## Task description
Please repeat the data below exactly, with the pictures removed.

## Given material
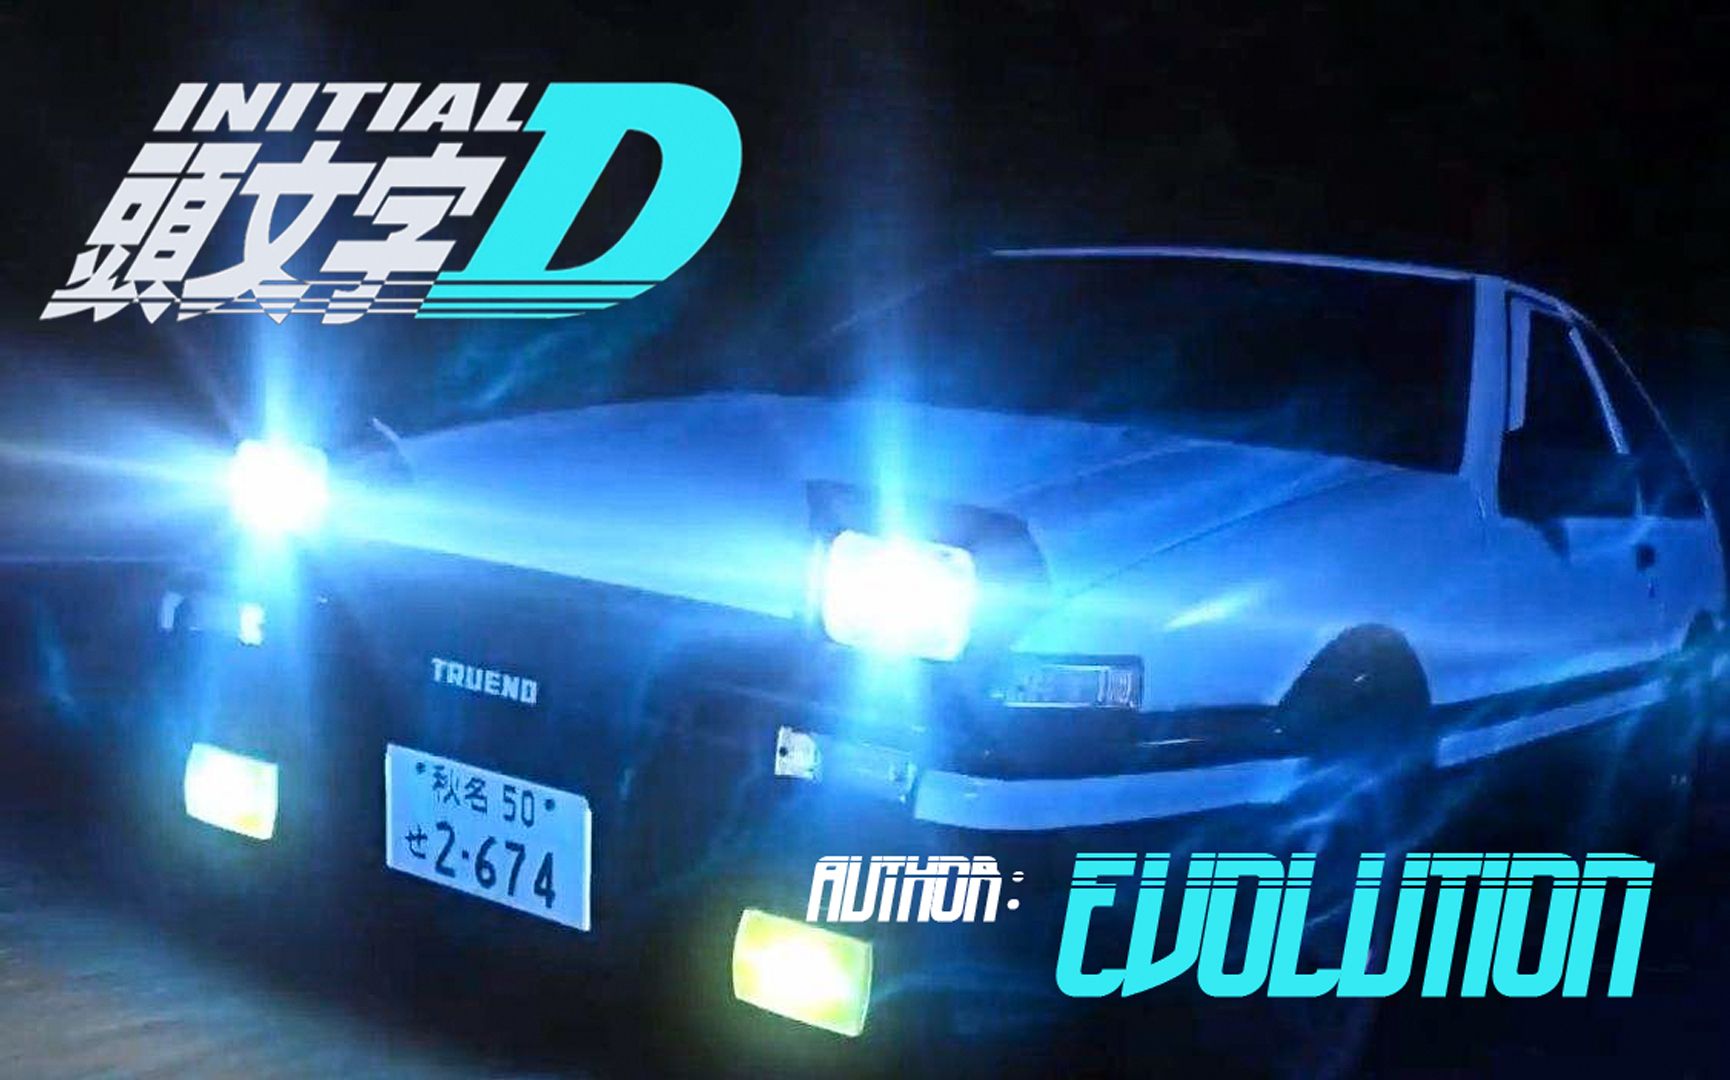 Initial D Wallpapers HD Free download
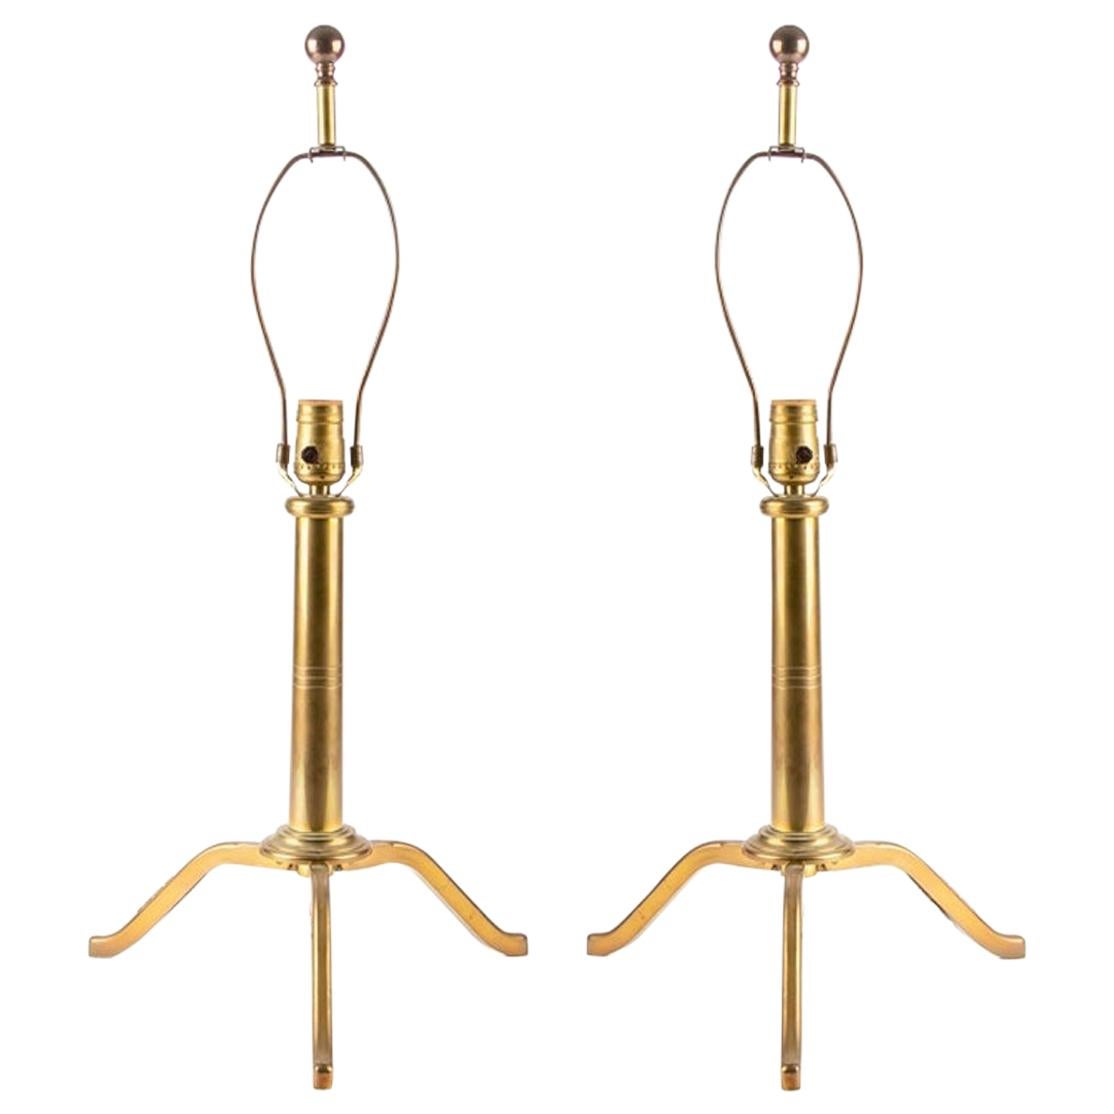 Pair of Nautical Brass Collapsible Tripod Stands Re-Configured as Lamps
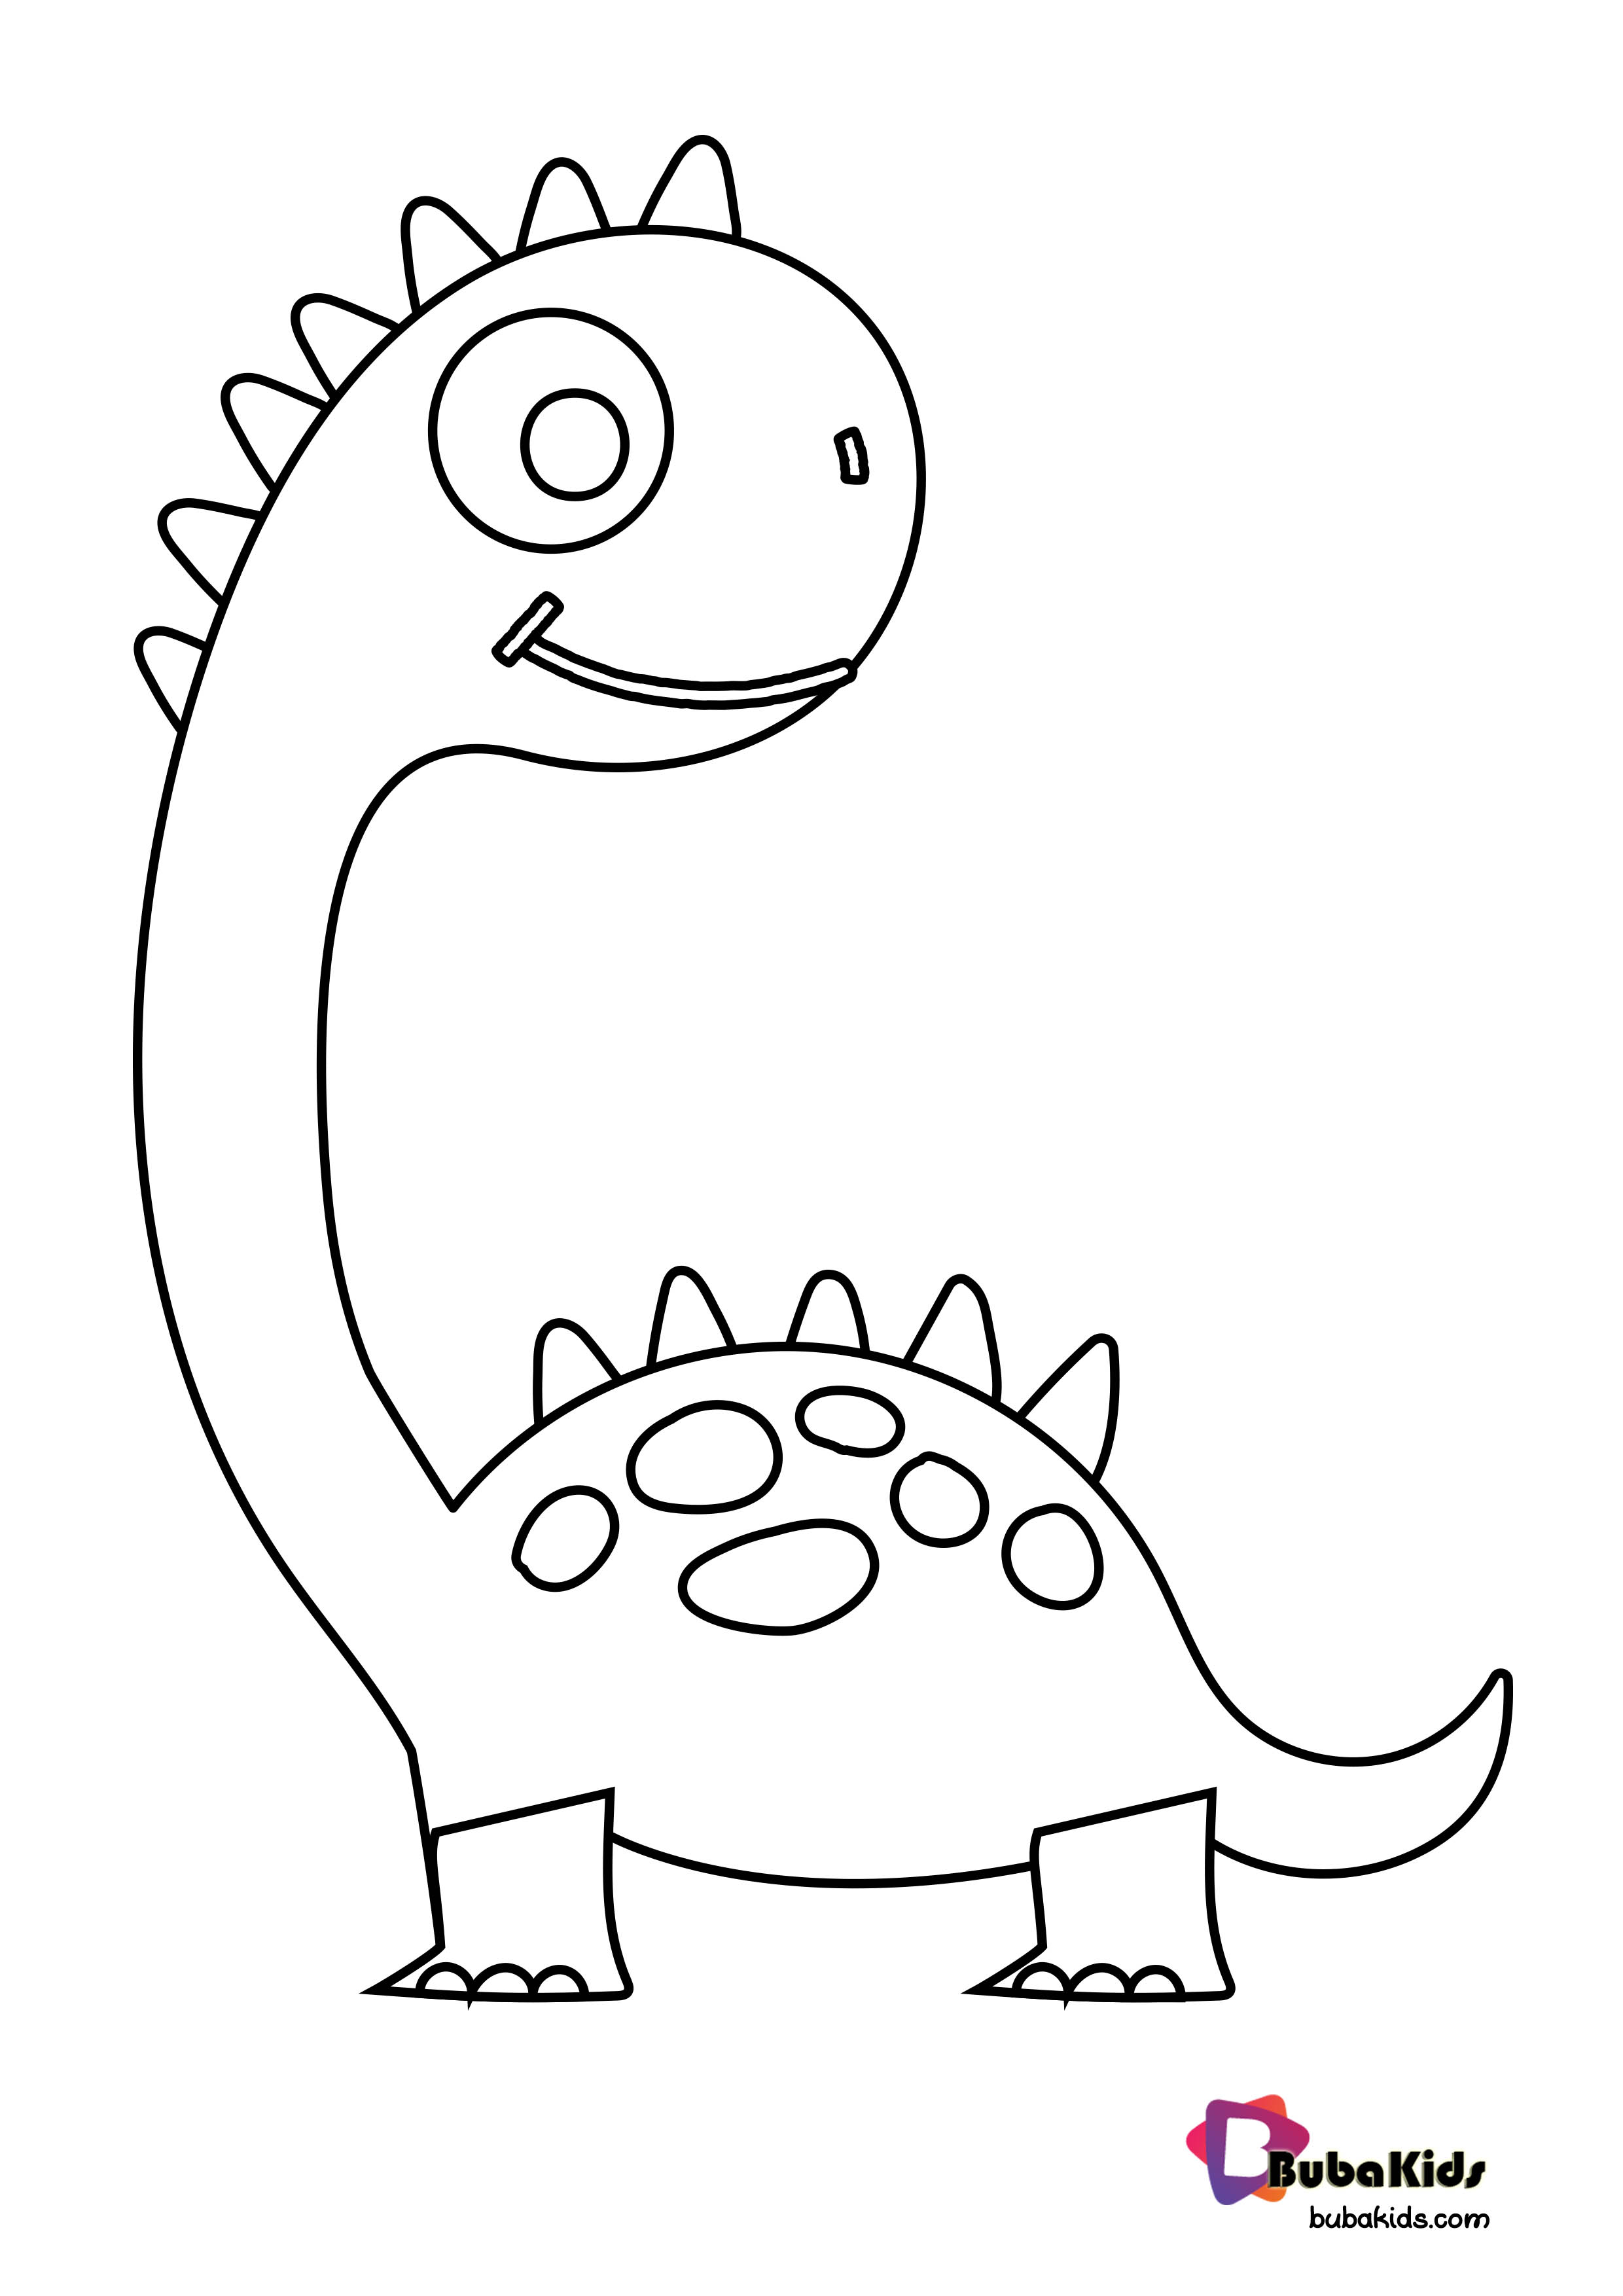 Cute Dinosaurs Coloring Page For Kids Wallpaper
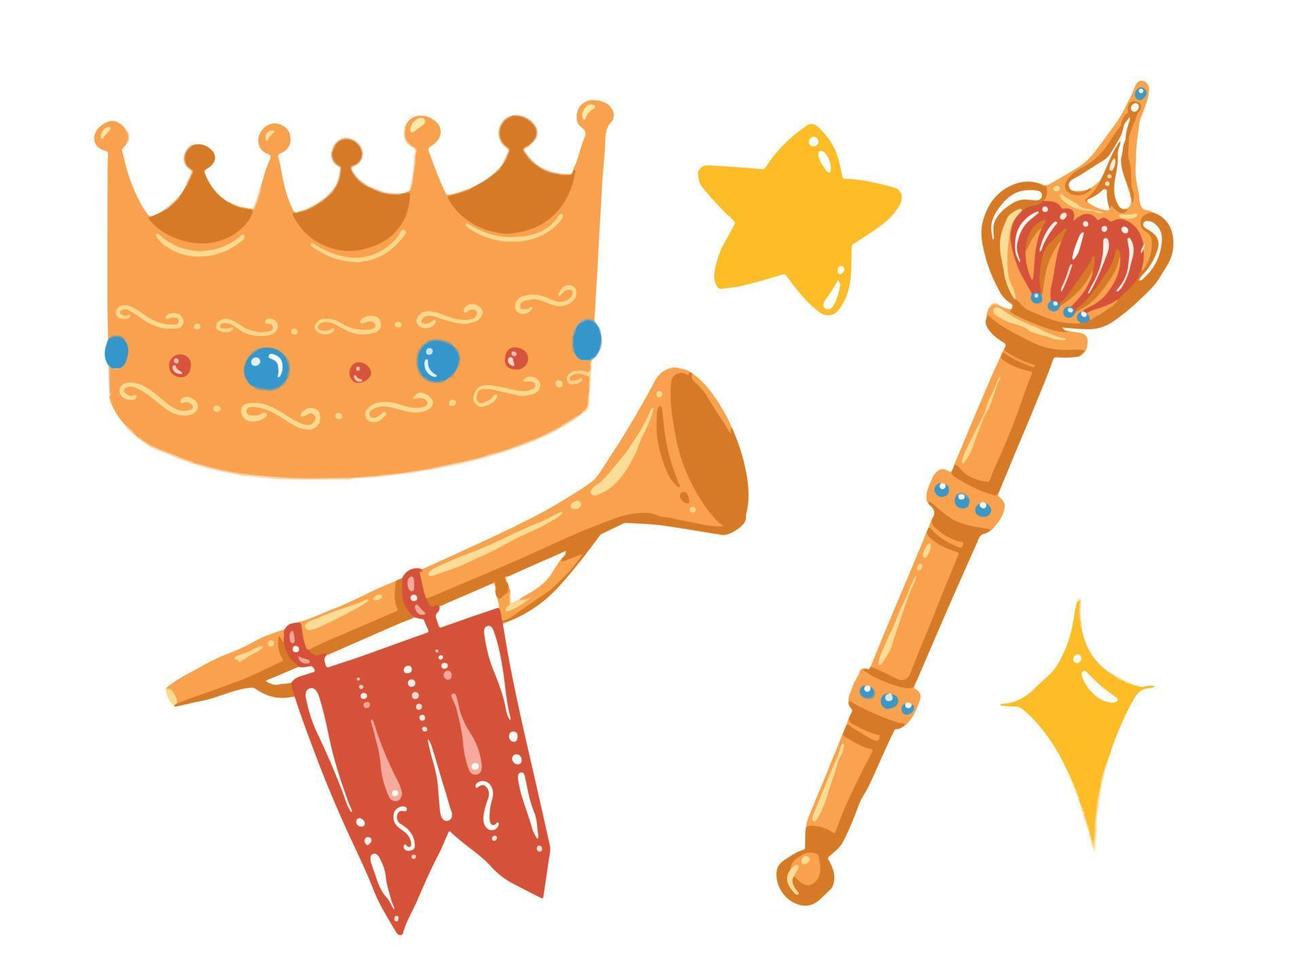 King's Attributes element drawings of queen or king crown, star, trumpet, staff to express glory and kingdom. Vector illustration set collection with flat art style.

## Solution for this exercise
 Initial D Wallpapers HD Free download
 Pair of Nautical Brass Collapsible Tripod Stands Re-Configured as Lamps
 Cute Dinosaurs Coloring Page For Kids Wallpaper
 King's Attributes element drawings of queen or king crown, star, trumpet, staff to express glory and kingdom. Vector illustration set collection with flat art style.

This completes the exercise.